Exercise data:
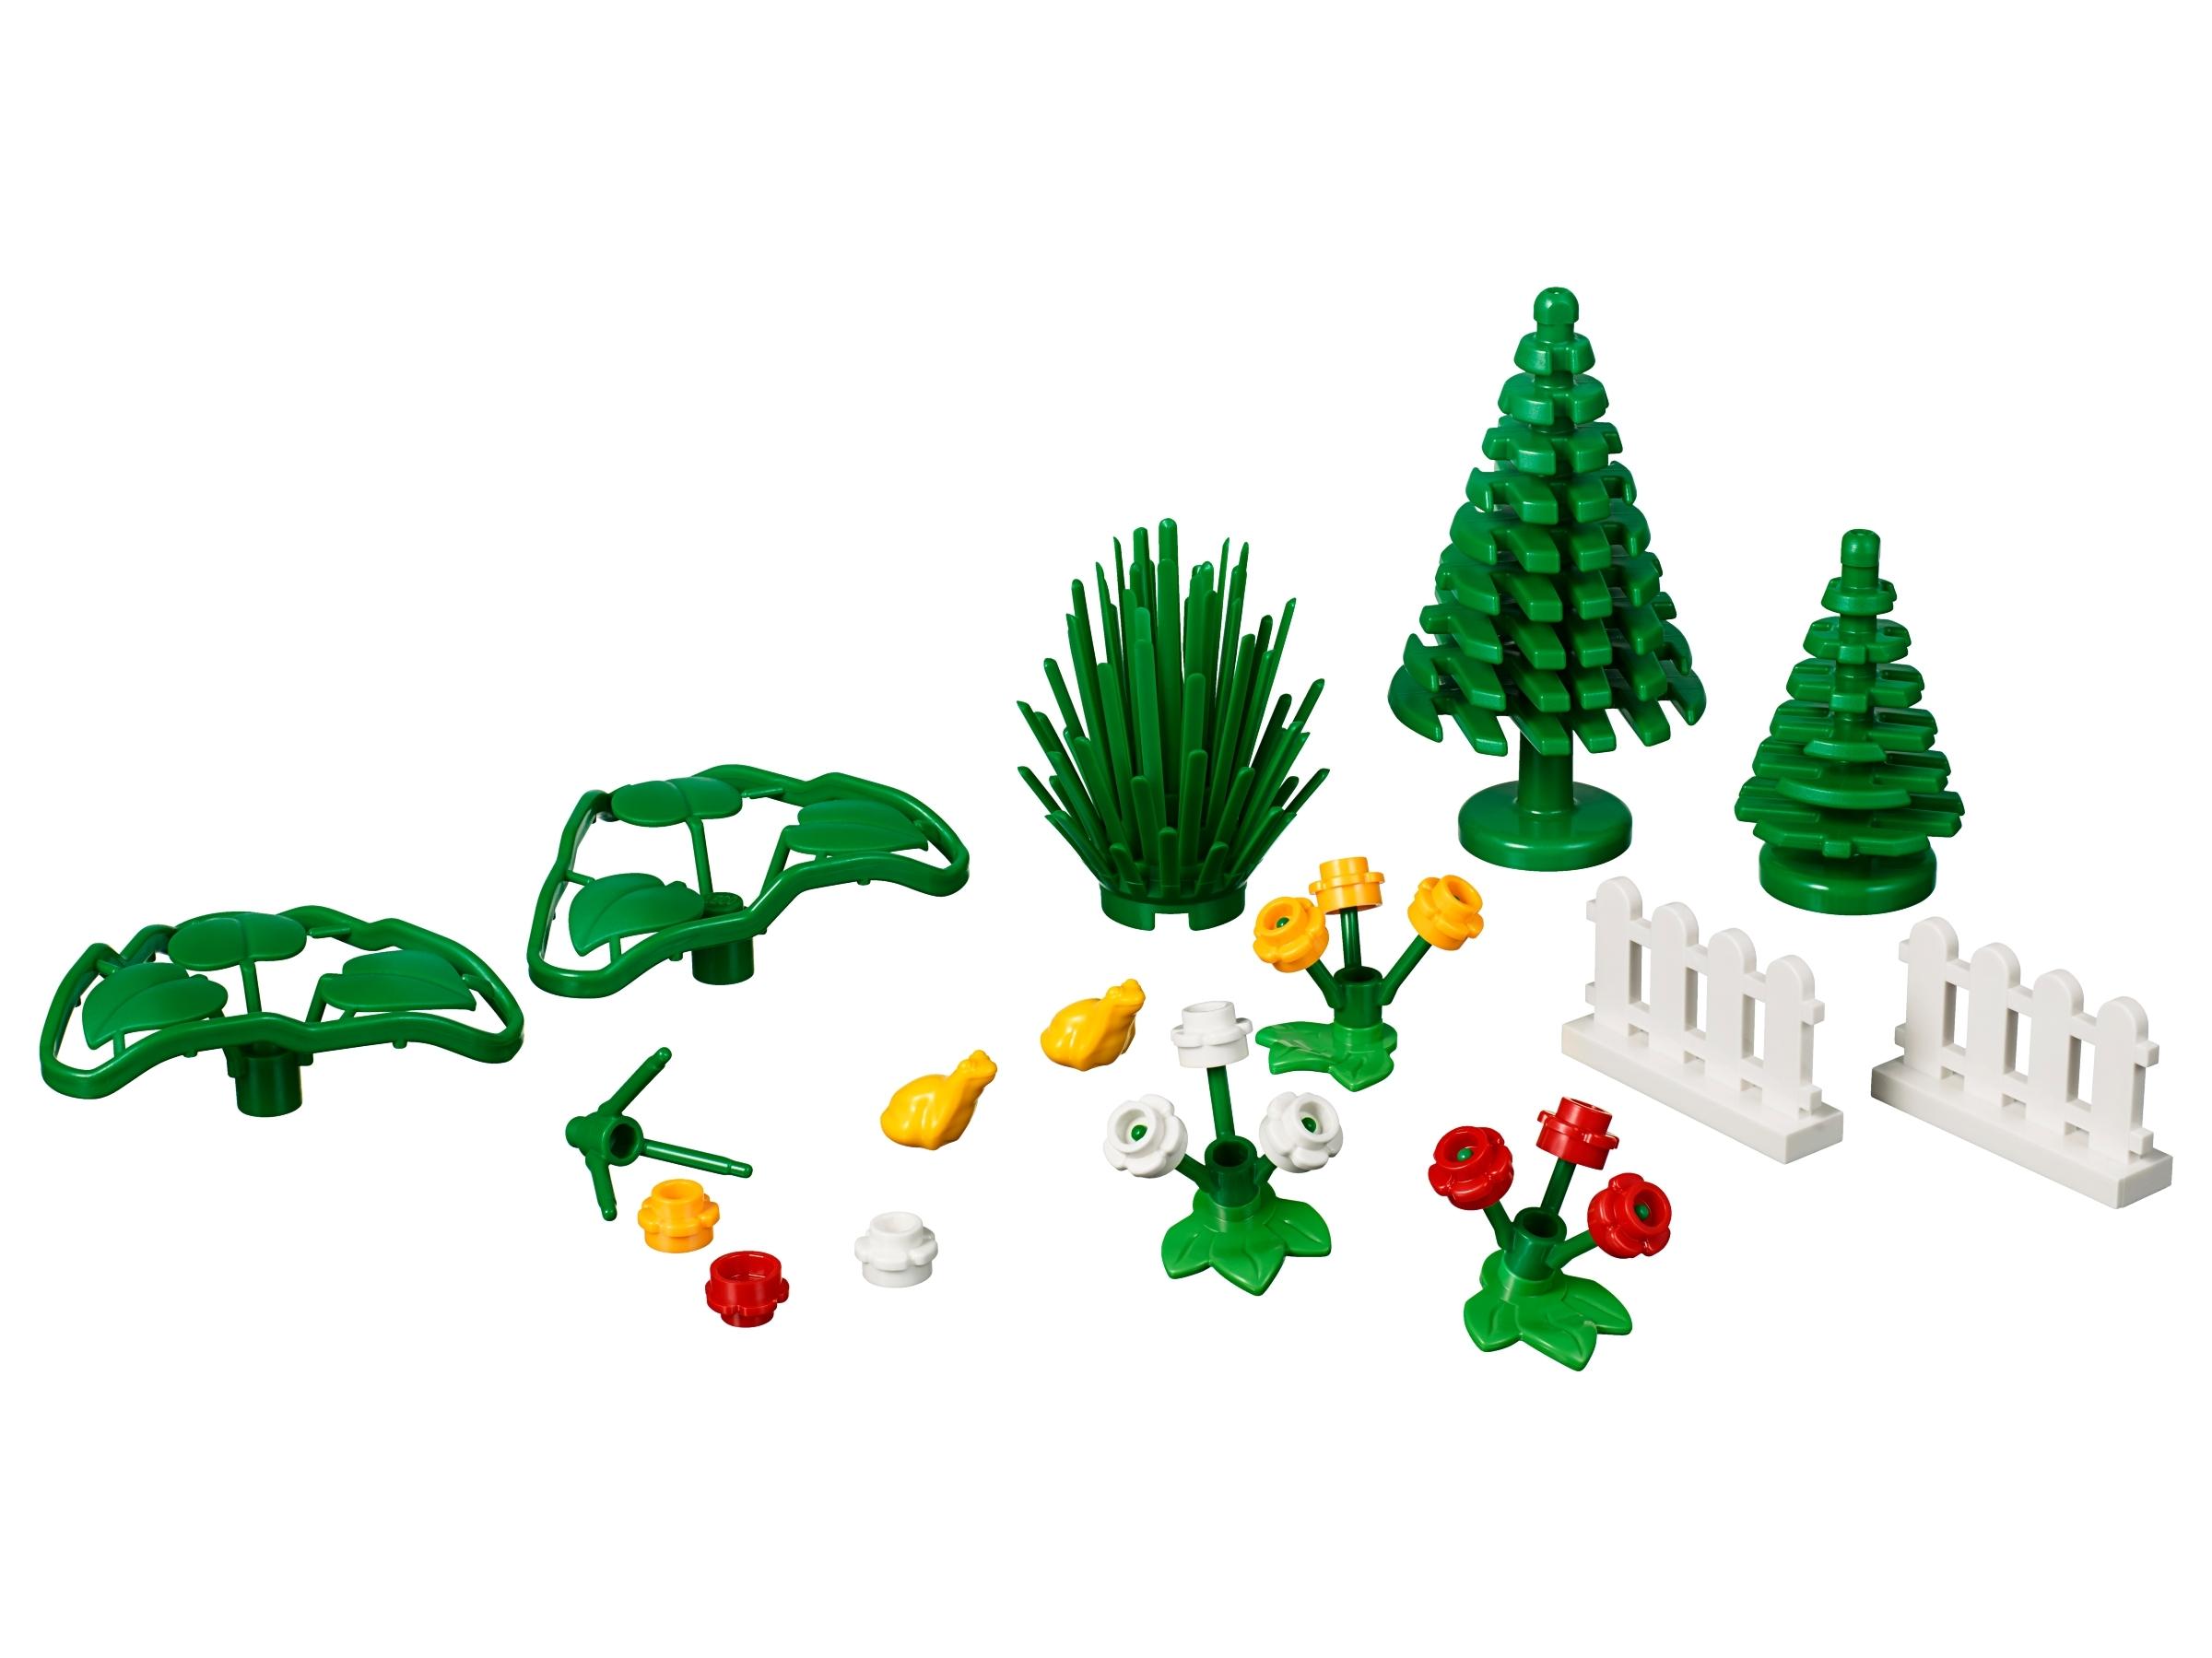 Lego Xtra City Town Accessories Botanicals Plants Flowers NEW 32 pcs 40376
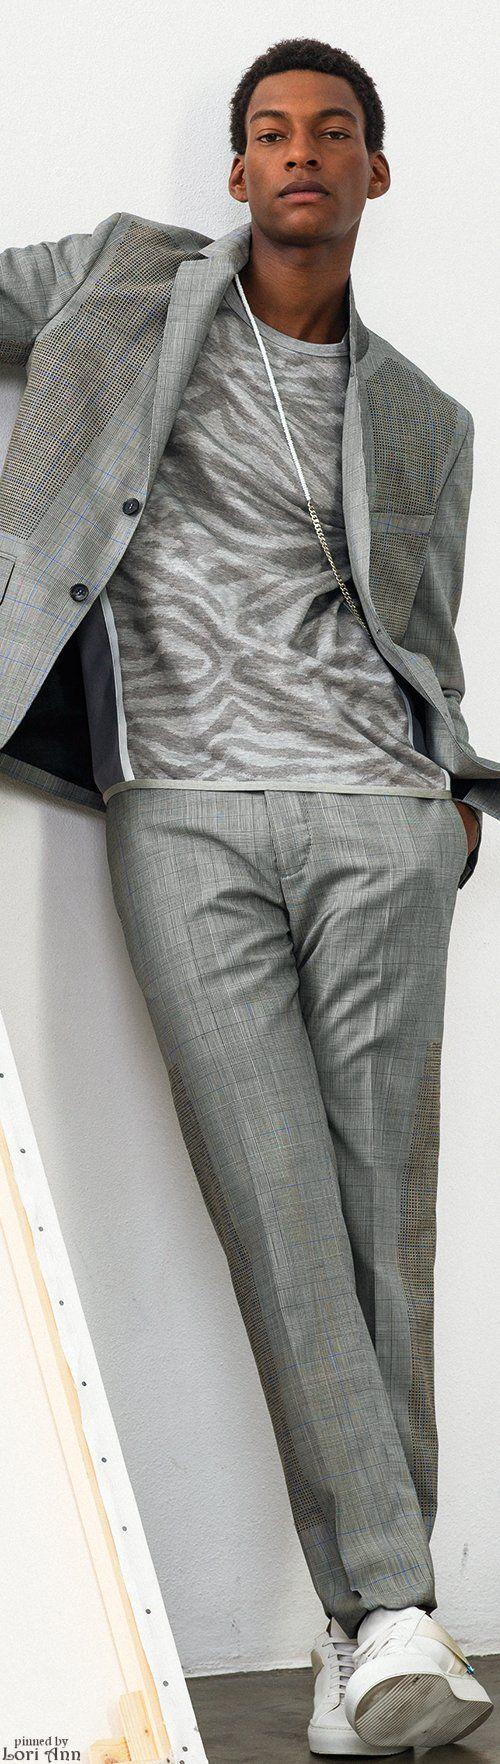 25 Best X Images On Pinterest Men Fashion Gentleman And Lgs Slim Fit Ladies Shirt Blue White Plaid Biru Muda M Oamc Spring 2016 Mens Menswear Gray Suit T
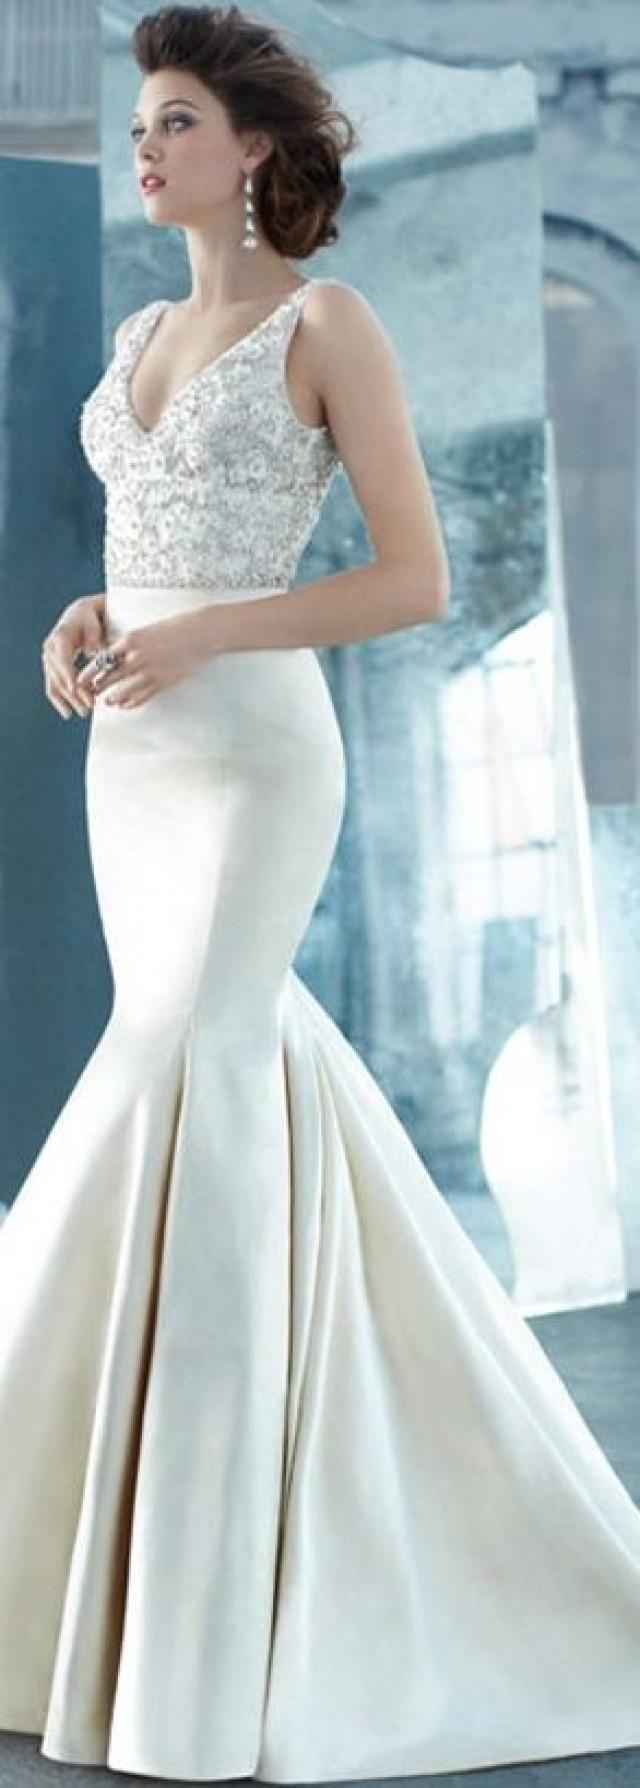 Lazaro | WEDDING DRESSES !!! | Pinterest | Wedding dress and Weddings
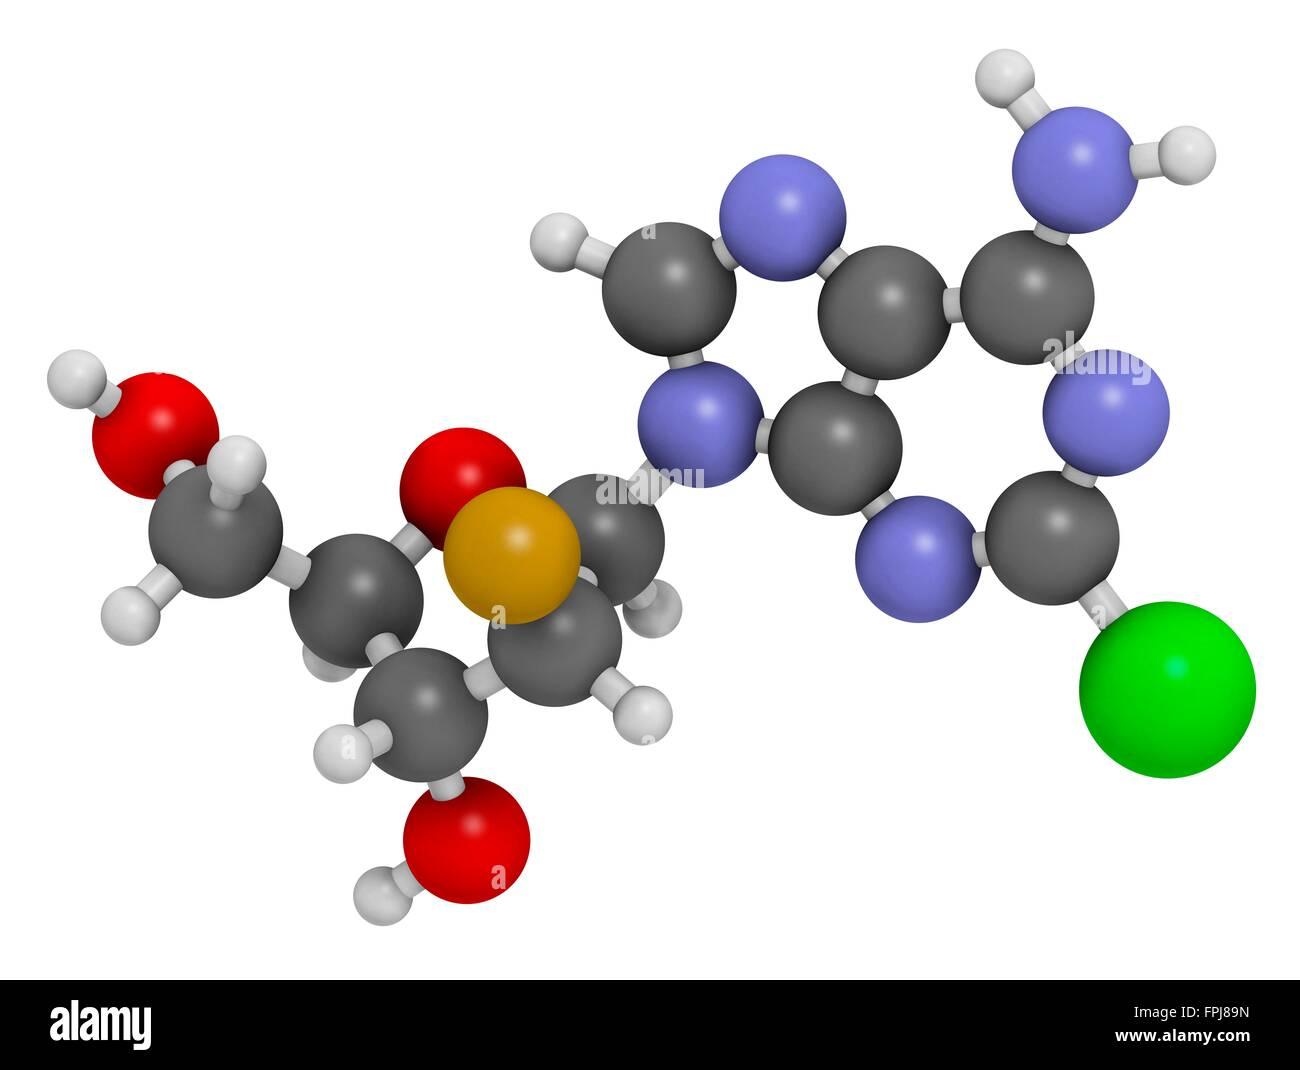 Clofarabine cancer drug molecule (purine nucleoside antimetabolite). Atoms are represented as spheres with c venti - Stock Image

Exercise description:
Copy, without the pictures, exactly the lines from the line with "Lazaro | WEDDING" through the end of the material above, both ends included.

Completed task:
 Lazaro | WEDDING DRESSES !!! | Pinterest | Wedding dress and Weddings
 Clofarabine cancer drug molecule (purine nucleoside antimetabolite). Atoms are represented as spheres with c venti - Stock Image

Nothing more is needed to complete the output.